Apr 052013
 

Tonight’s New Game Stuff will start in traditional card game territory but slowly descend into madness.

You’ve been warned.

For players of traditional card games like Spades and Hearts, Clubs makes an appearance at the store this weekend.  For those who’ve never played these classic card games or are looking for a simple game for the whole family to play, here’s brief, brief, short, limited, minimal, tiny rundown.  Clubs is all about getting rid of cards as fast as possible.  Like how you’d want to get rid of a bag of wet weasels dosed on speed.  This must be balanced with a trick taking (but only on clubs) in order to score points before the end of the game.  It’s simple as simple does.

As Wizards of the Coast continues to reprint its entire library of Dungeons and Dragons 3.5 hardcovers, they have made it to the tome of all wizardry might, the Spell Compendium.  Say you wish to melt off the face of your guild’s resident Baird.  SPELL COMPENDIUM!  Or maybe turn an owl-bear into a poodle.  SPELL COMPENDIUM!  Or maybe just warm up a pot of tea.  Probably use a fire pit for that last one, but otherwise SPELL COMPENDIUM!!  Ultimately, the point here is that the Spell Compendium has every important magic whatzamahoozit in all of D&D, now wrapped in an errata’d hardcover edition.

All seemed peaceful in the world of Vigil.  The villains were dispersed.  War had ended.  And crystals rained from the sky.  But it was only when it was too late that these seemingly ordained gifts turned out to be omens of danger.  Such is the state of Ascension‘s newest edition, Rise of Vigil.  Continuing to make it easy for new players to get into the popular deck building card game designed by Magic the Gathering players, Rise of Vigil is another standalone version of the game.  If you do have any of the previous editions, however, you can combine them with Rise of Vigil for up to six player combat.  This new edition includes nearly 260 cards, a fair portion of which are new heroes and constructs.

Now for the insanity.

First off, look at the picture to the right.  Apologies for the racier content, but that’s seriously the art for the game.  And, yes, the, um, “proportions” are bit unrealistic.

Oh, by the way, the game is called Kanzume Goddess.  Created by the Japanese, in the fashion of every awkward anime you’ve ever seen, Kanzume Goddess is a tin can containing all the most famous Greek and Norse gods.  As you might imagine, having that many gods stuck in a cramped space leads to some fisticuffs.  That’s where you come in.  Each player takes on a specific god in order to battle against their legendary opponents, building their decks by calling upon other warriors and disciples to aid in the fight.  So, do as the game suggests and “Release them from the can!”

Jan 182013
 

Antike Duellum sends two players back in time for an epic head-to-head battle!

Taking the rules of the original Antike board game, Antike Duellum modifiers the mechanics for a two player war game of ancient Rome.  Coming with two separate scenarios (Rome vs.
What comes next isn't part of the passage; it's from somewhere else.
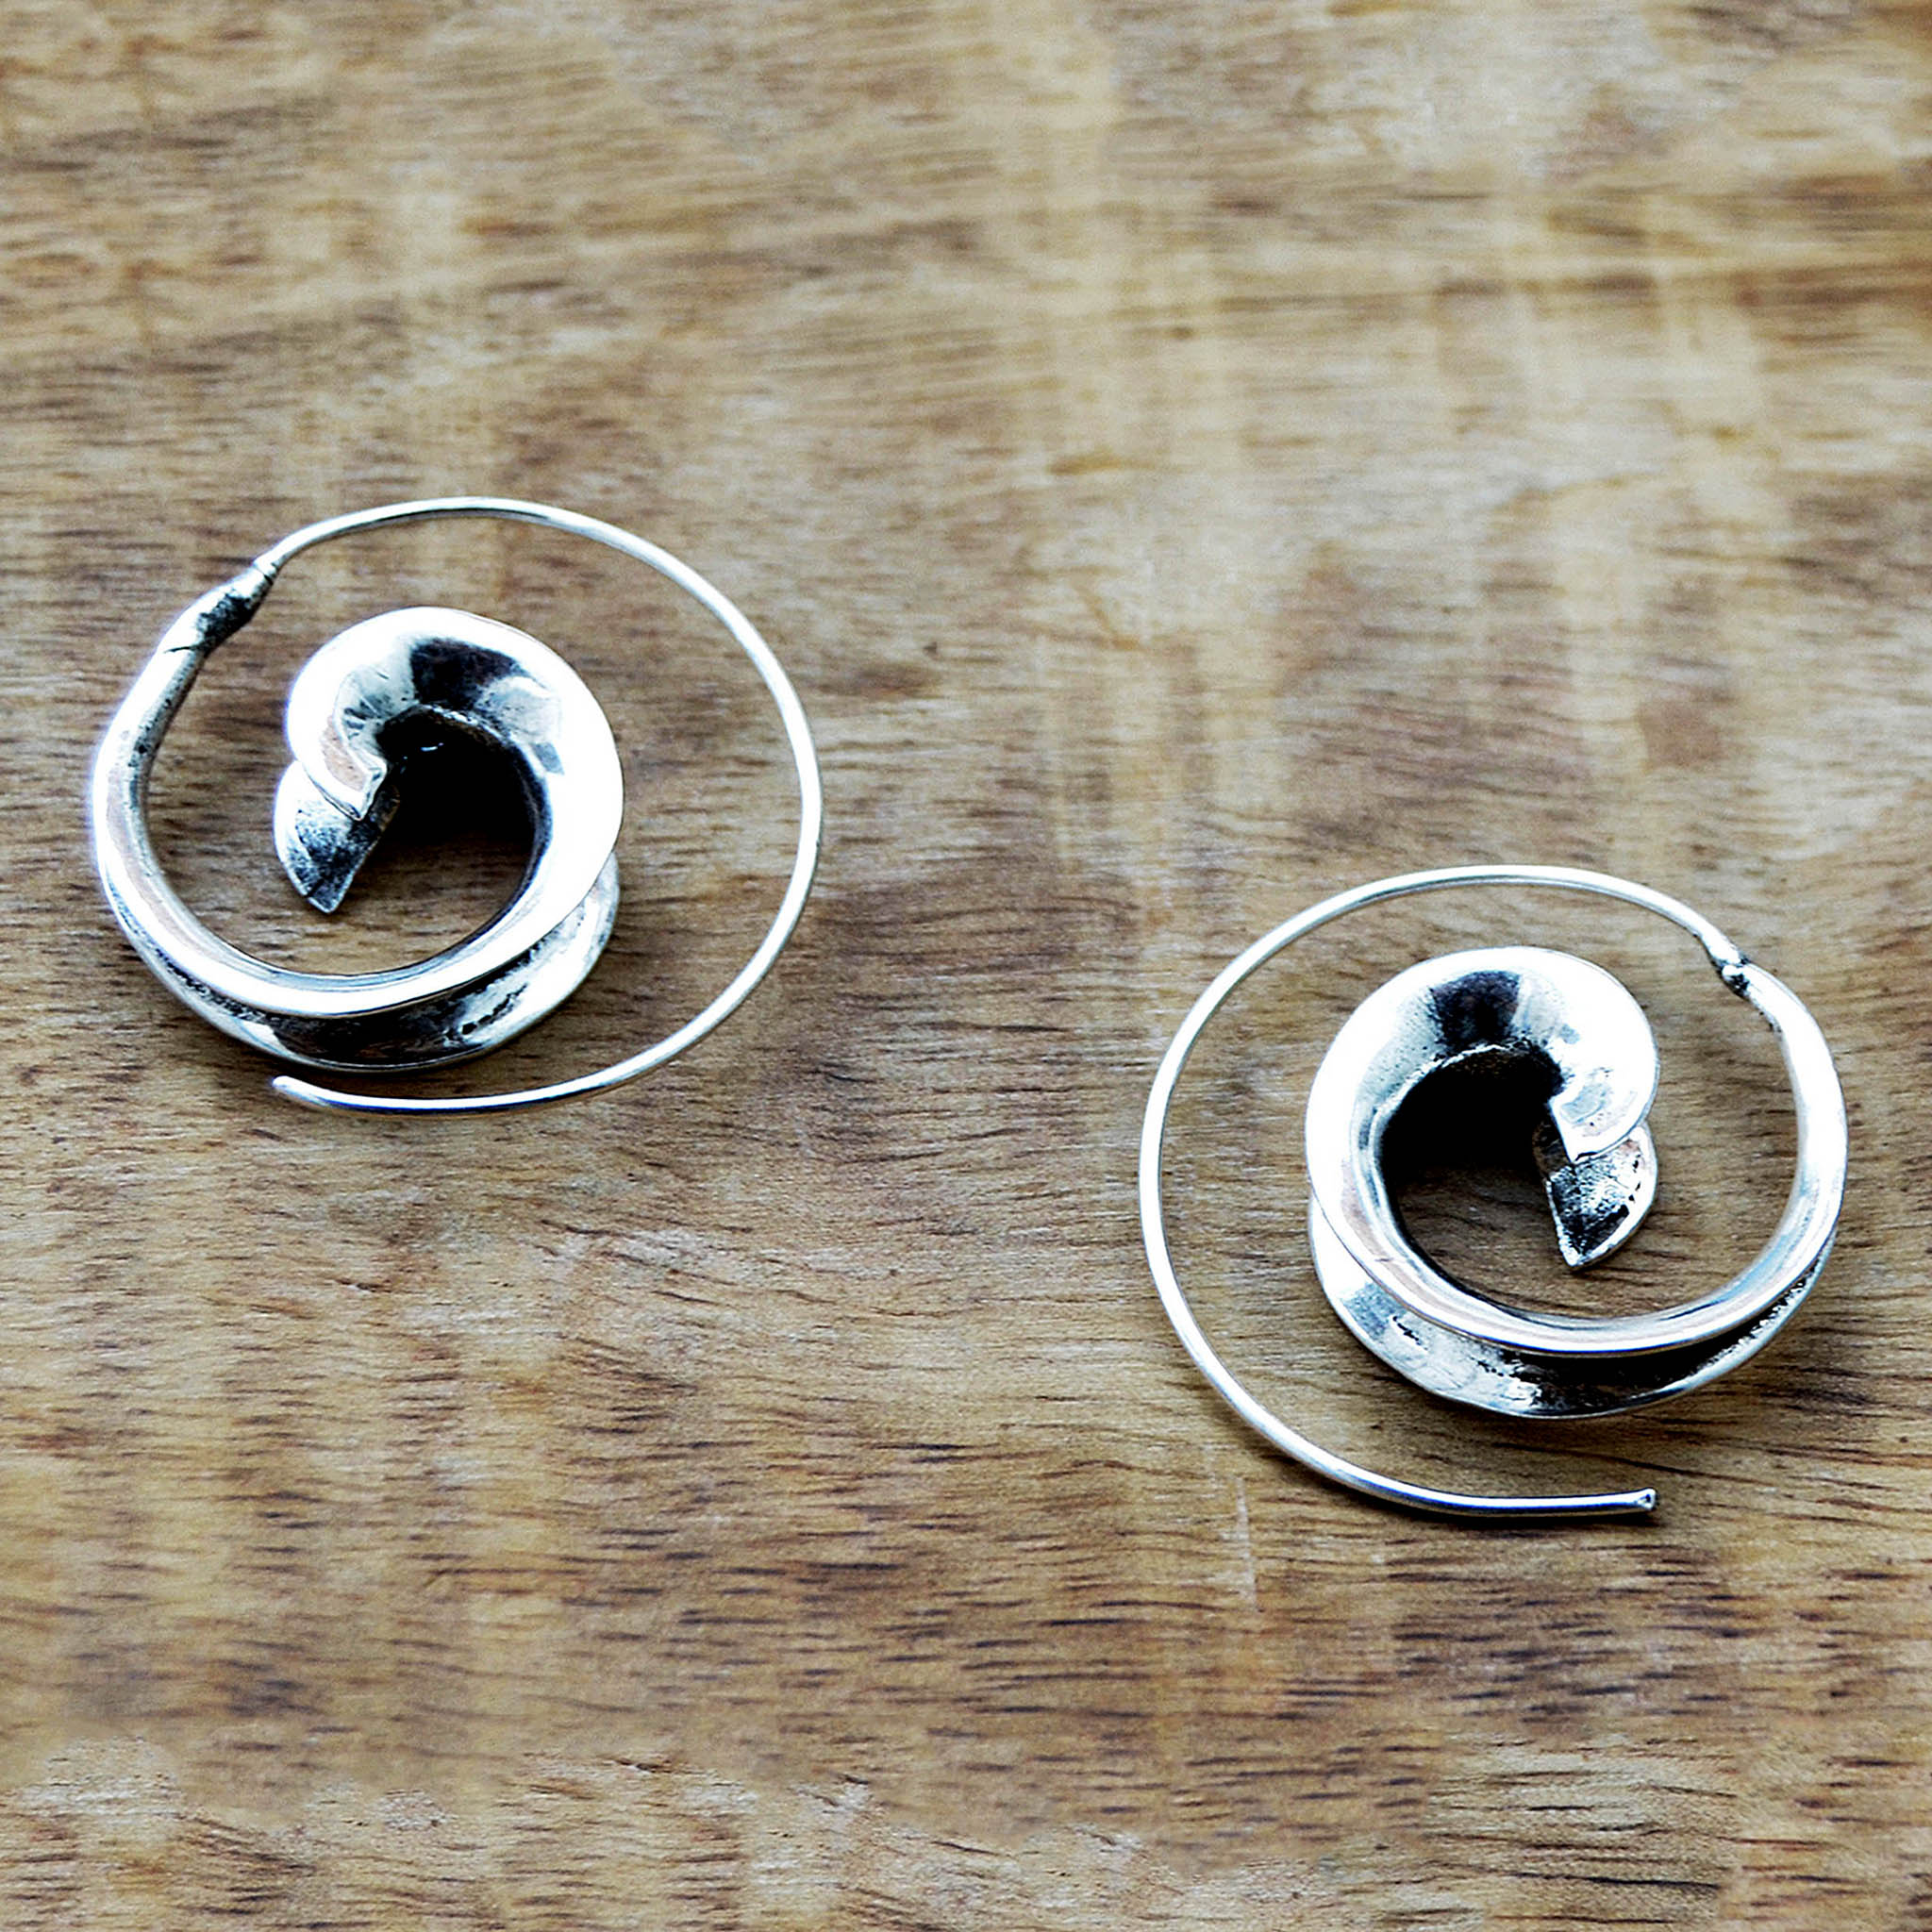 Spiral earrings silver

Carthage and Persia vs. Greece), the base game lasts between sixty to ninety minutes.  Play your cards right, literally, as carefully playing event cards (25 of which are brand new for this version of the game) changes the pace of the game and entirely decides the outcome.  With an easy to learn rule system, you’ll never be saying, “It’s all Greek to me.”

Uggh errgg mrrgg grrrgg.

That would be caveman for Cavemen, the Quest for Fire.  This simple little Rio Grande card game has two to five players taking on the role of a prehistoric hunter who’s mission is to kill dinosaurs and gain influence in the tribe.  To do this, players draft cards into a common card pool which decides the possible actions for that turn.  If you hold the special conch token, however, you get to choose your action first and take an extra action at the end of everyone else’s turn.  So, I say againg, uggh errgg mrrgg grrrgg.
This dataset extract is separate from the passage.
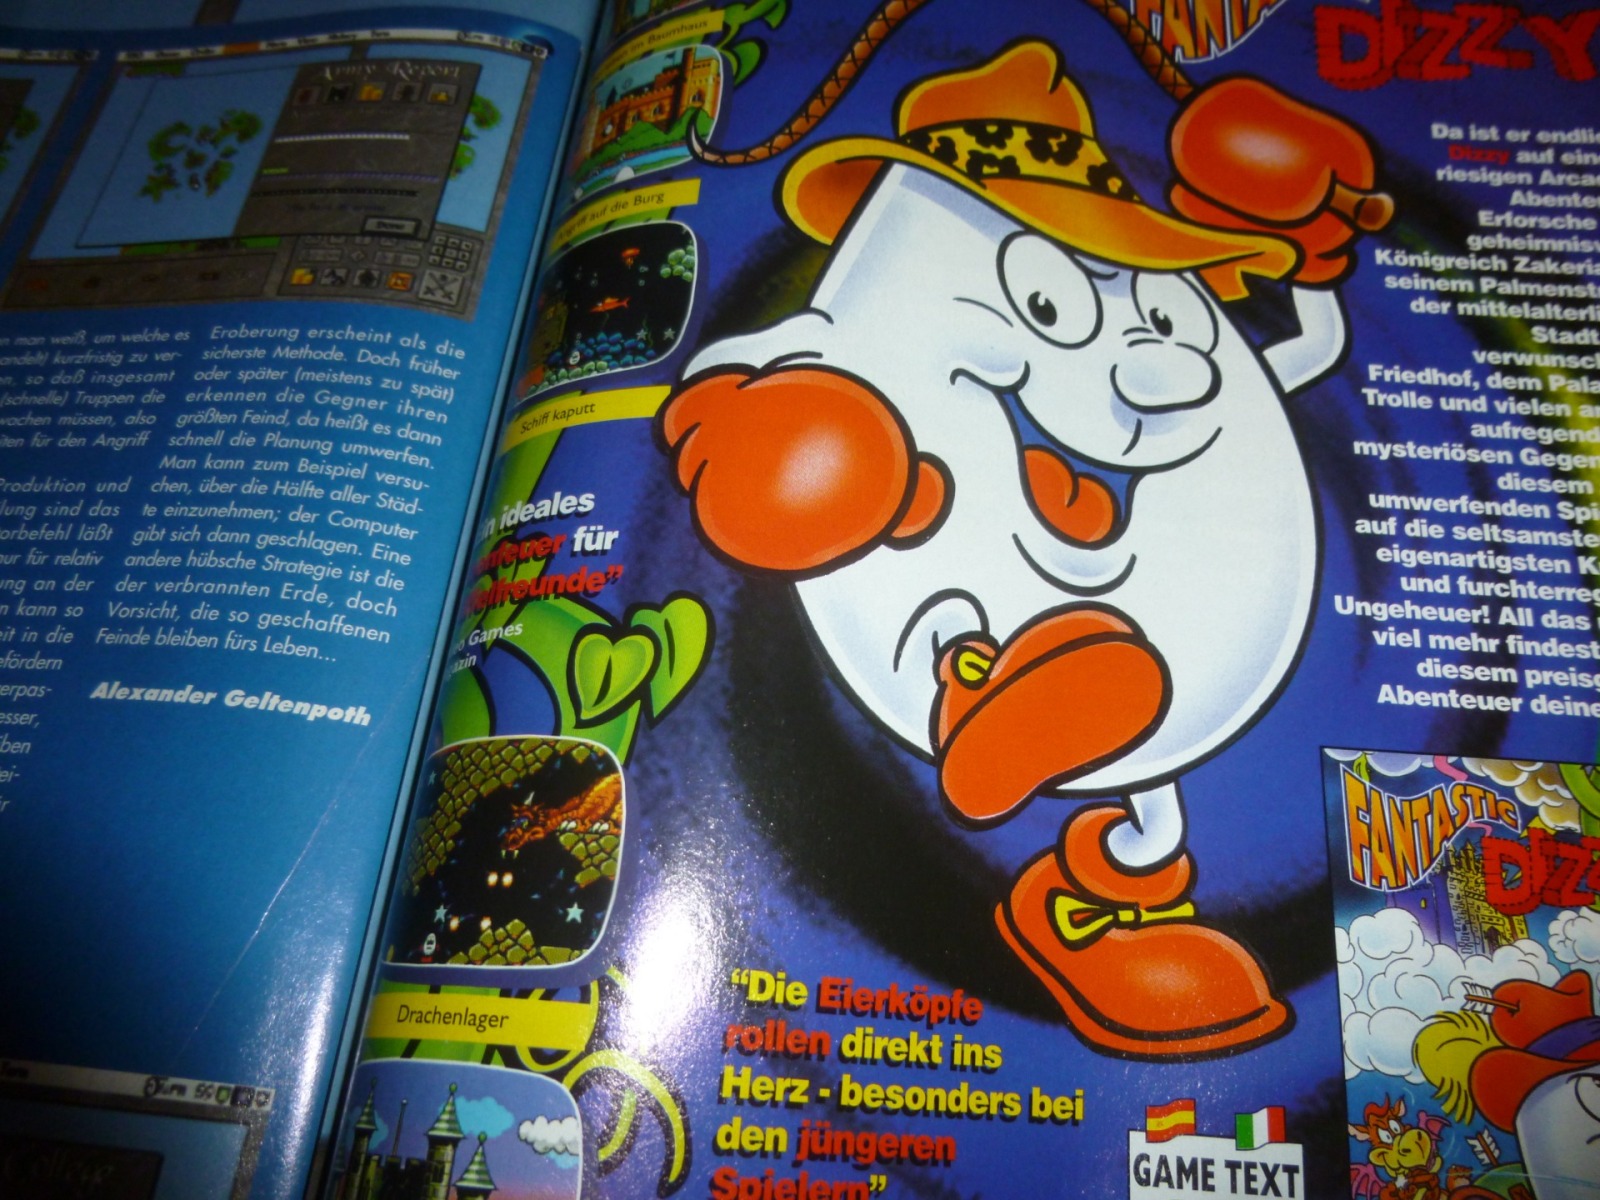 Play Time - Das Computer- und Videospiele-Magazin - Ausgabe 12/93 1993 27

The popular miniature adventure game Mage Knight gains a new expansion in The Lost Legion.  If you are brave enough to overcome the deadly obstacles in the way of purchasing this expansion (which, basically, is to just have the money to buy it) then you too can acquire all its riches.  Within the box is an entirely new Mage Knight (Wolfhawk), spells, artifacts, skills, locations, scenarios, enemies, and friends.  As usual, each piece and accessory is detailed and designed to the high standards of WizKids.
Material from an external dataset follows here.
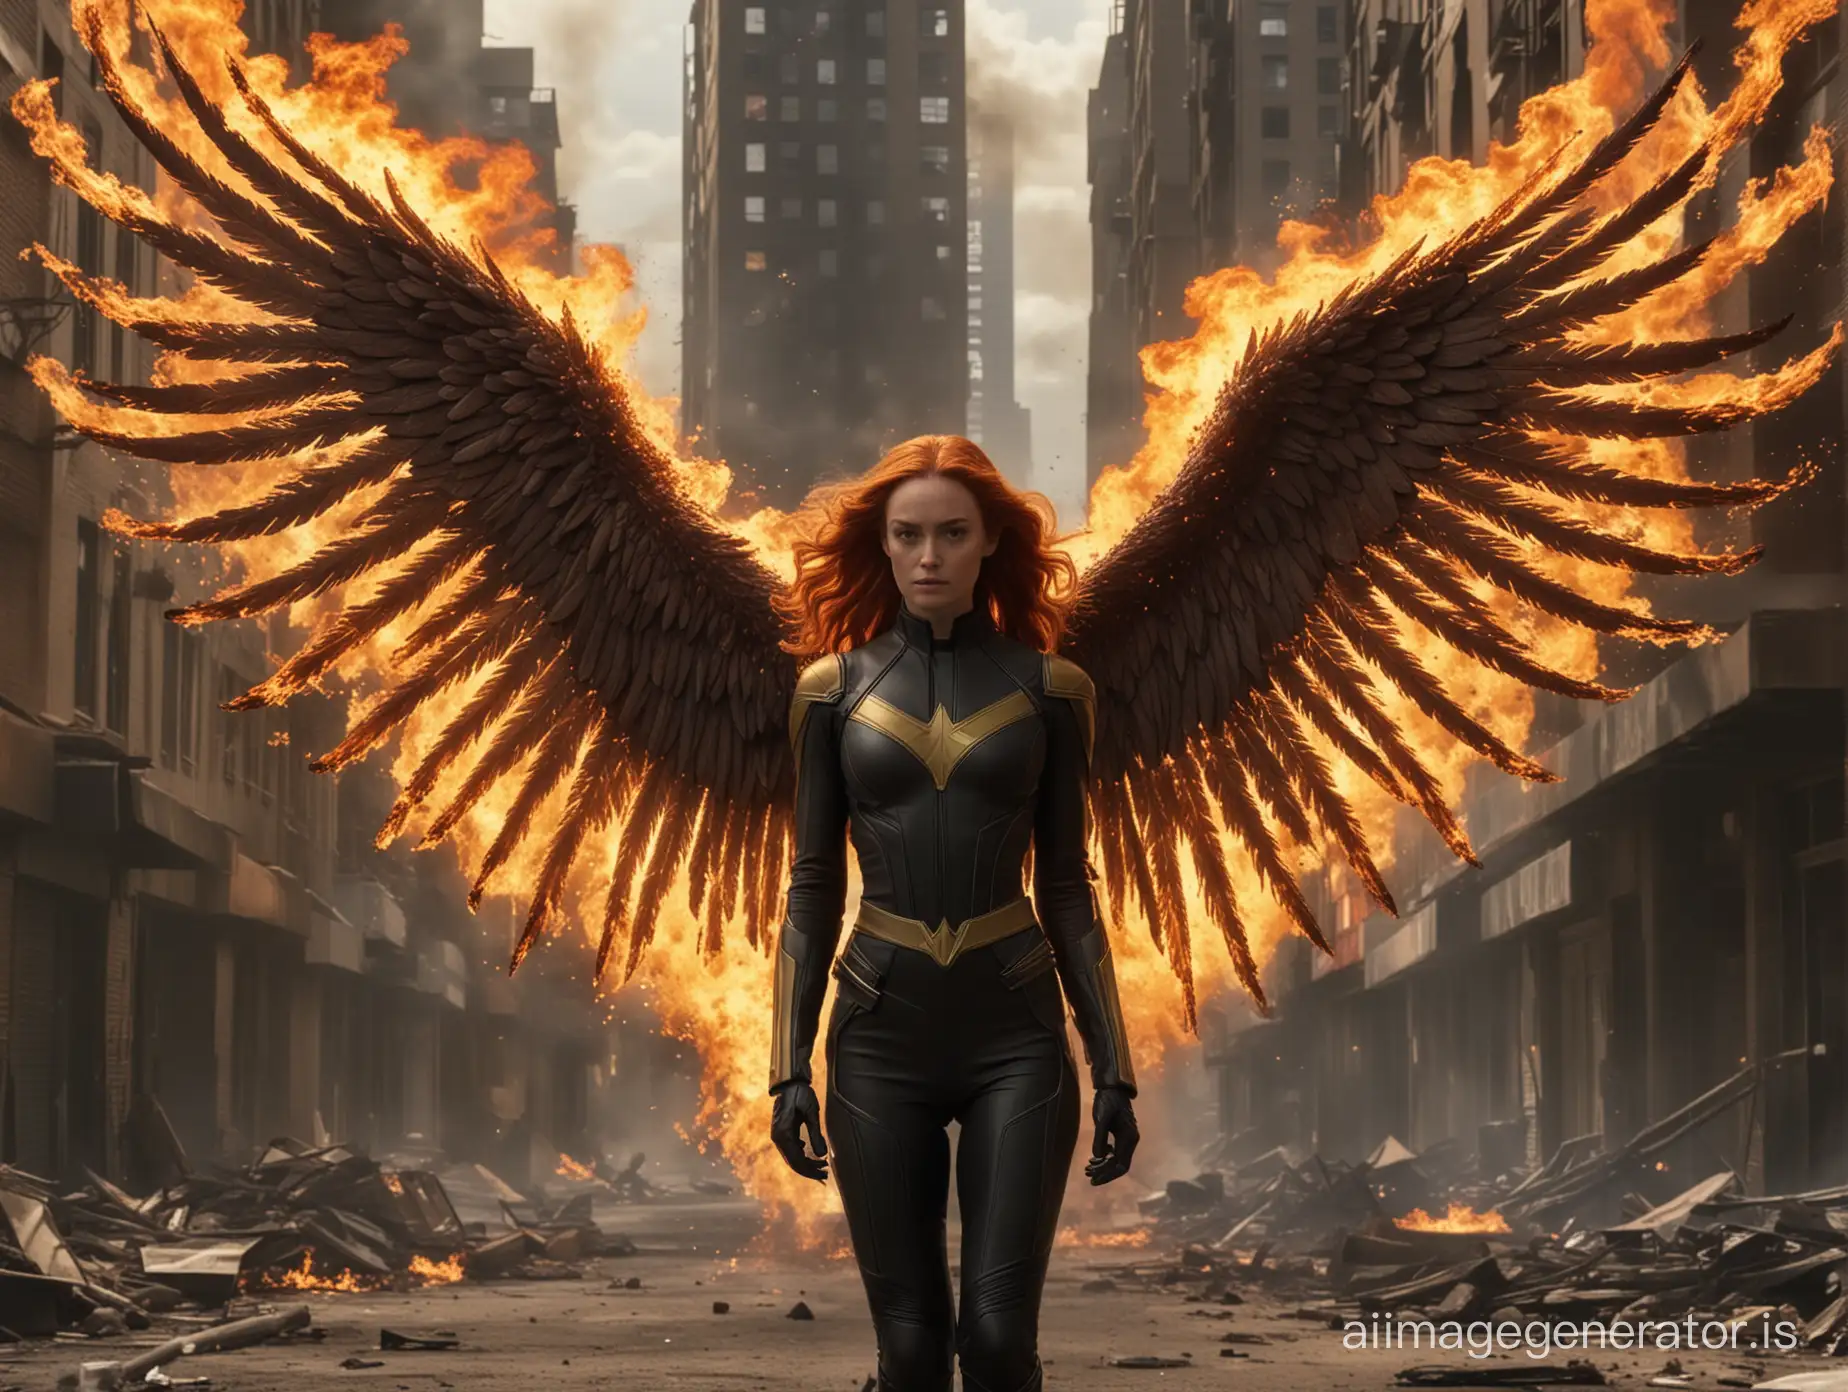 X-men Dark Phoenix burned out city fiery angel wings

For the second time tonight dinosaurs have to be mentioned.

Yes, it’s a good night.

In the lost city of Uchronia dinosaurs never died out.  Now players take turns placing and drawing resource cards  in order to build up the ancient city, using their prehistoric lizard pals to assist them.  Building cards are drawn from the center of the table and used by players to continue constructing their palaces and become the patriarch of the city.

Nov 092012
 

The gods are in your favor tonight!

Or at least you hope they are if you’re playing Olympus.  Fantasy Flight‘s new Greek mythology-themed board game, Olympus, lives in the shadow of the god’s apartment complex.  Three to five players fight to curry favor with the gods by strategically placing priests into key cities.  But these priests aren’t just praying for the heck of it, they want to out build all the other cities and priests.  And if you want to build, wage war, or unleash pestilence, you gotta have the high and mighties in your back pocket.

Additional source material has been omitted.